#### [Activity]
Once the line containing "A Sinner in" is found in the data below, repeat it and every later line exactly, leaving the pictures out.

#### [Given information]

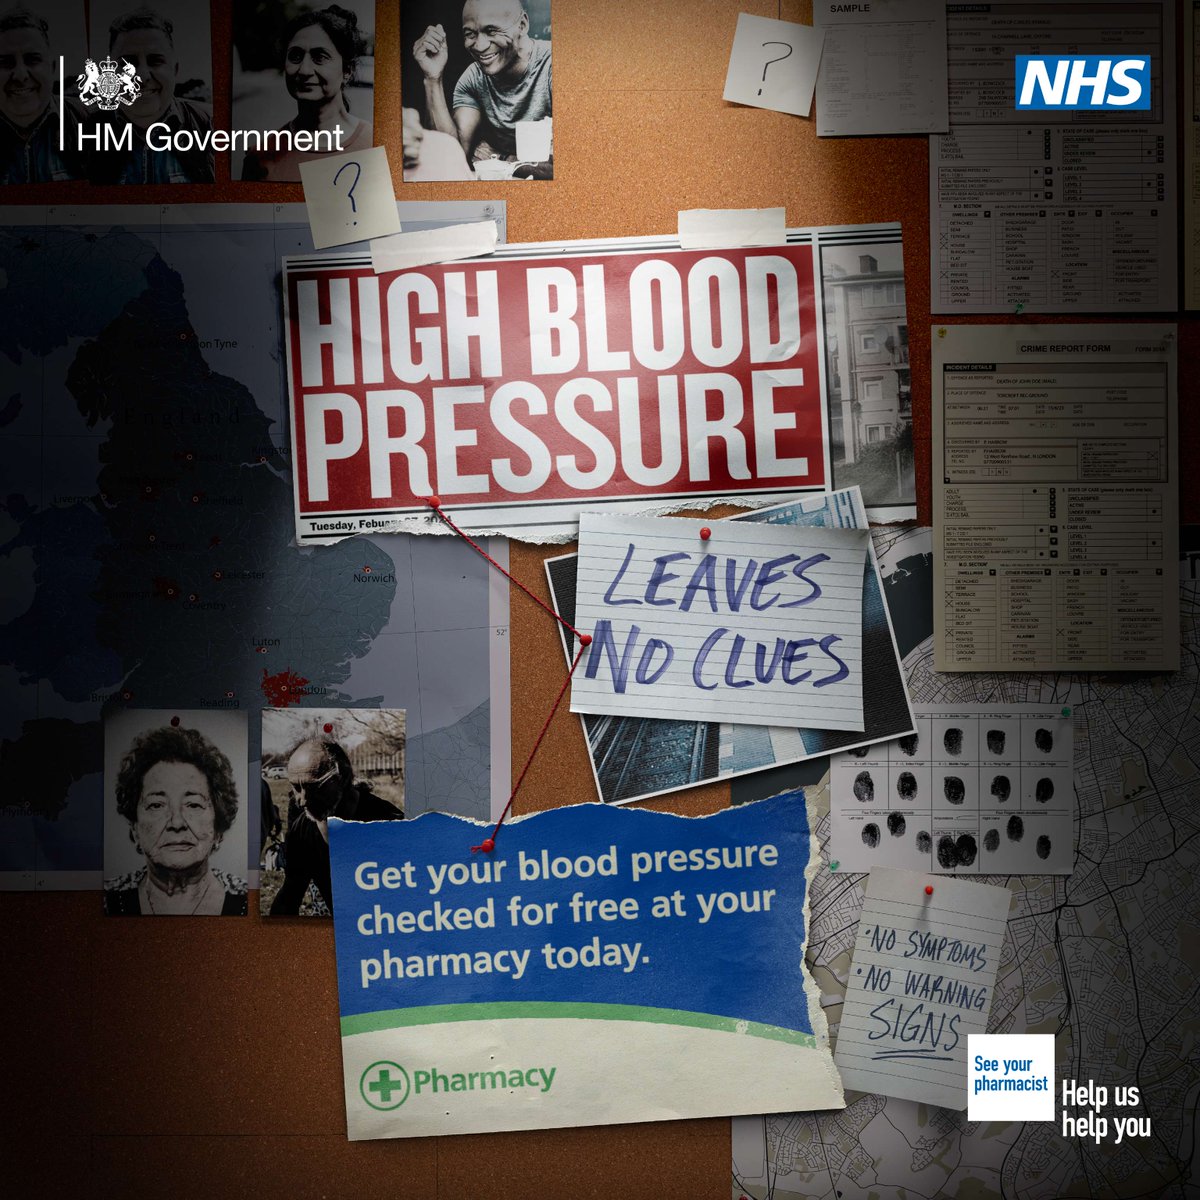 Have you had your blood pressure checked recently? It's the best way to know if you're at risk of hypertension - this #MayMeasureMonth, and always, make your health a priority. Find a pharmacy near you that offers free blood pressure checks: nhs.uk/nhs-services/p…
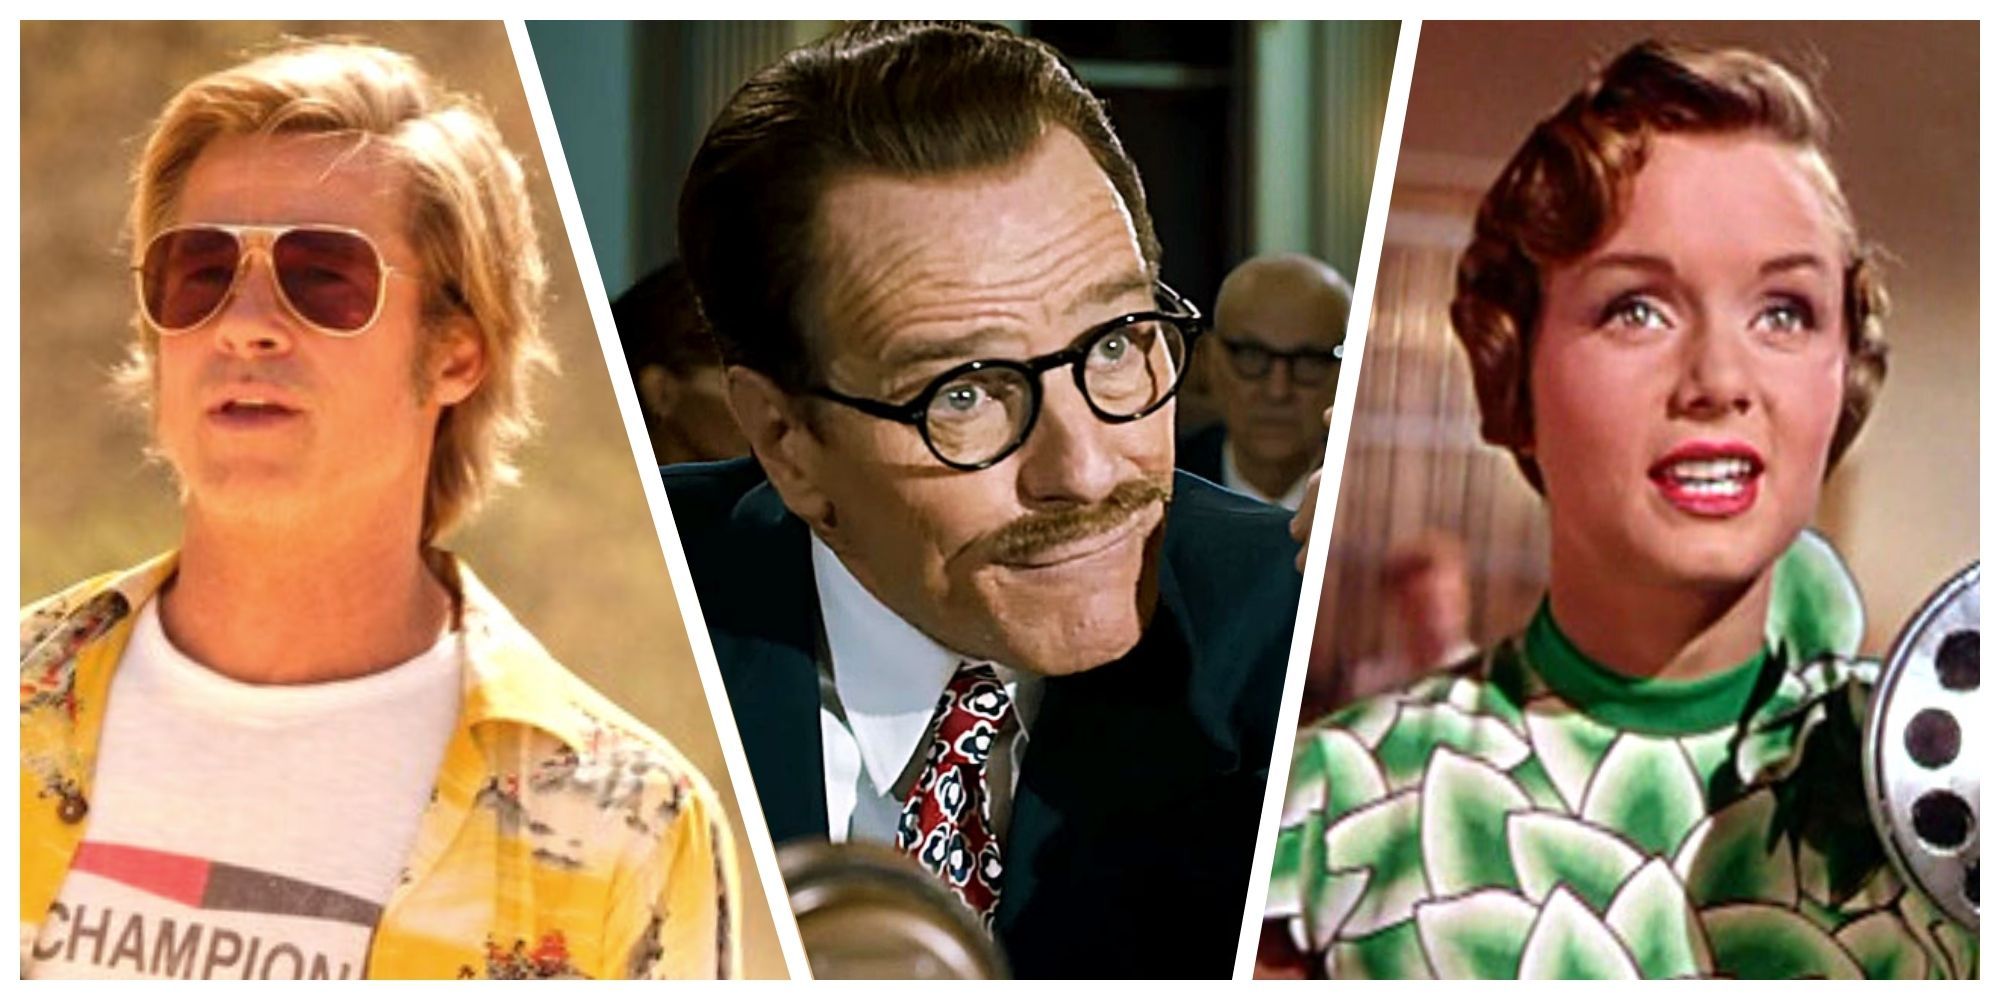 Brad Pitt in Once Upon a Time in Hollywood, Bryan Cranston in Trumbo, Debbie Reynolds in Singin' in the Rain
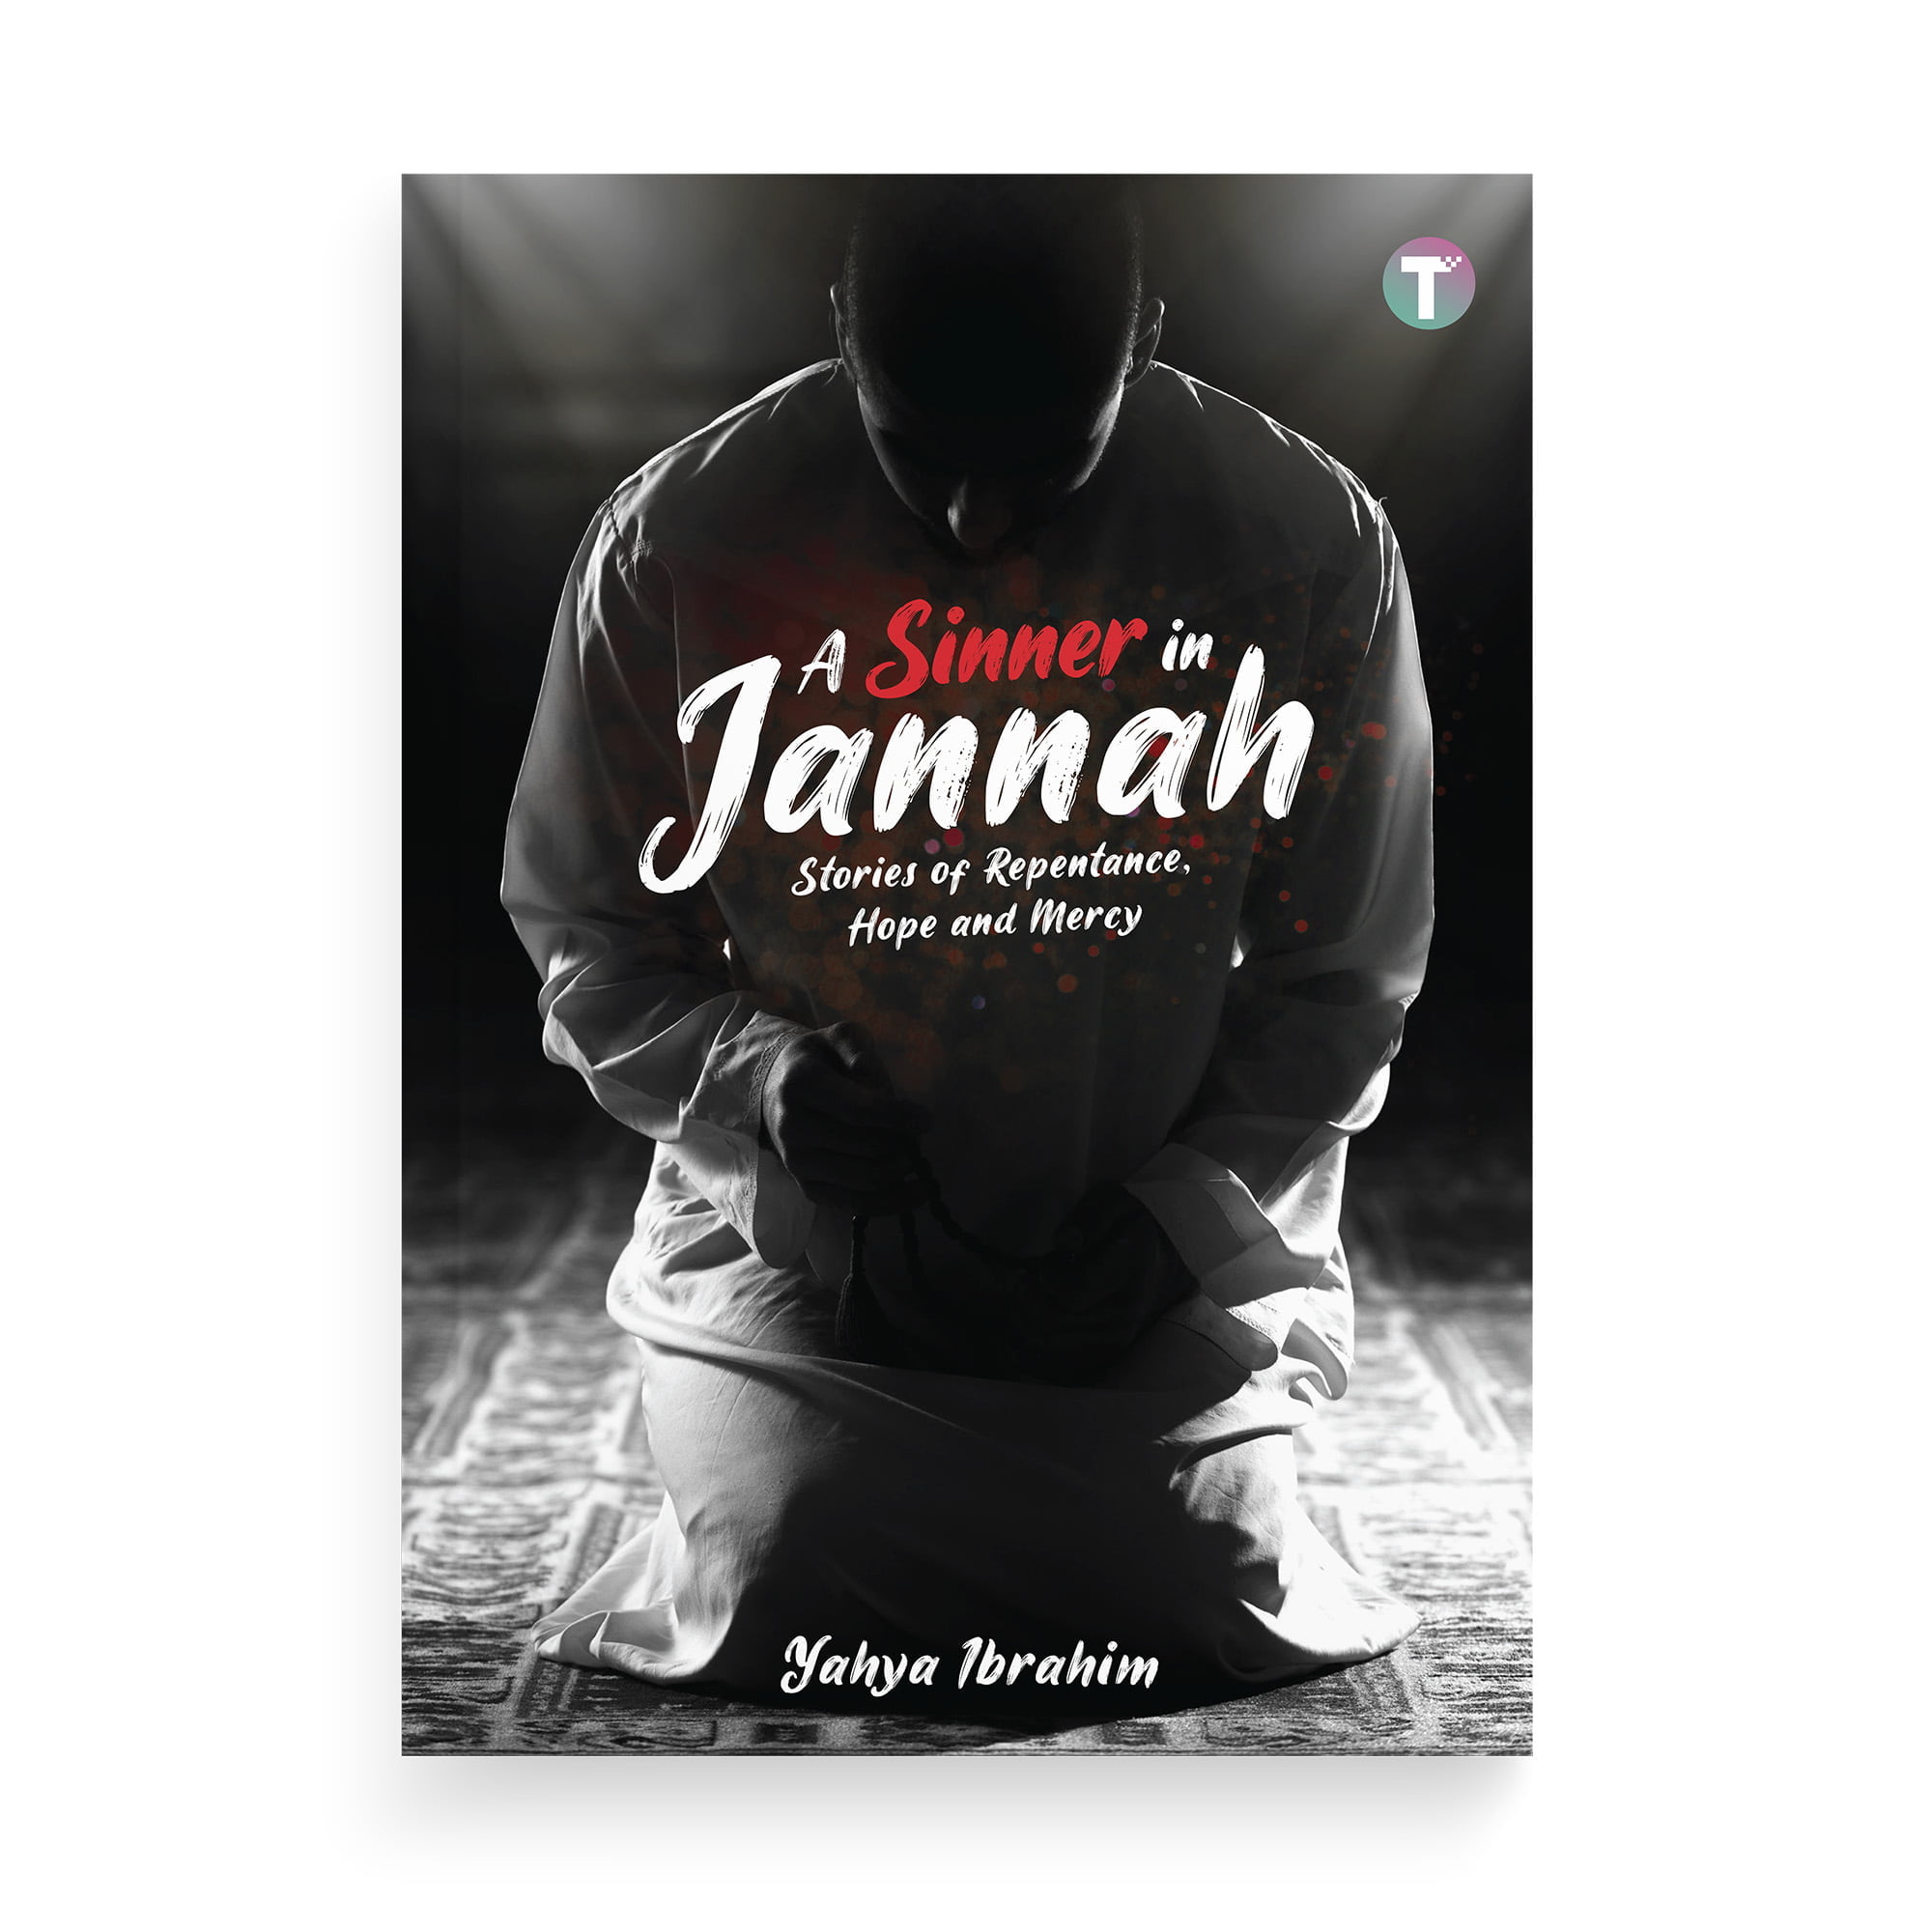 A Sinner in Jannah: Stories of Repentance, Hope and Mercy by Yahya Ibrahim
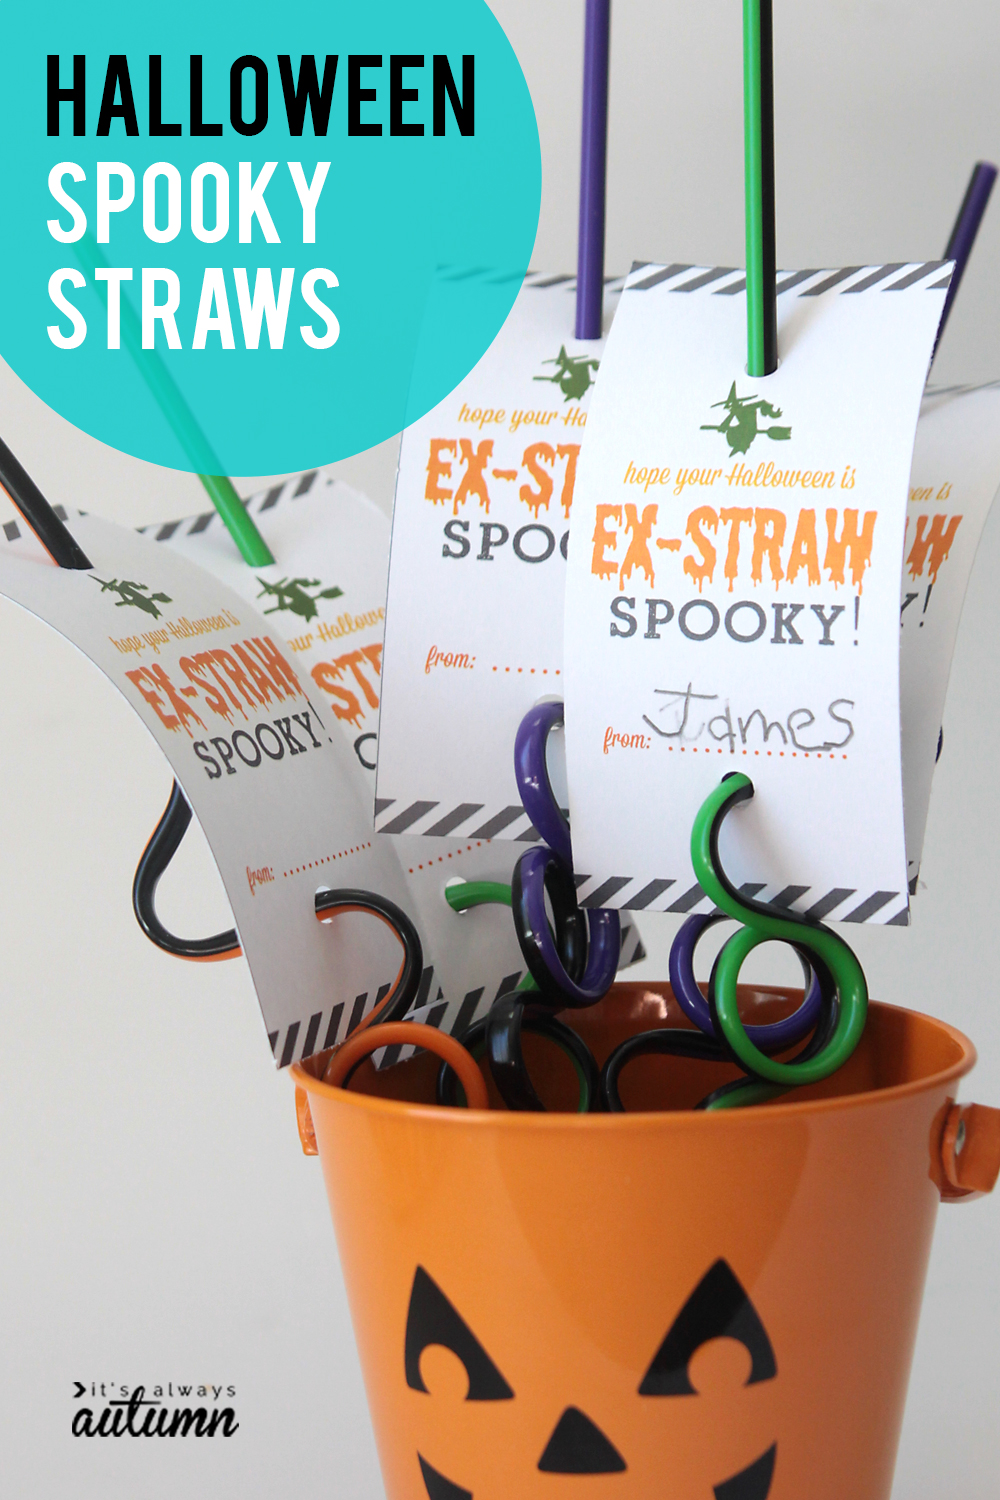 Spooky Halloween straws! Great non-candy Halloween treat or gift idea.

#### [Written answer]
 A Sinner in Jannah: Stories of Repentance, Hope and Mercy by Yahya Ibrahim
 Spooky Halloween straws! Great non-candy Halloween treat or gift idea.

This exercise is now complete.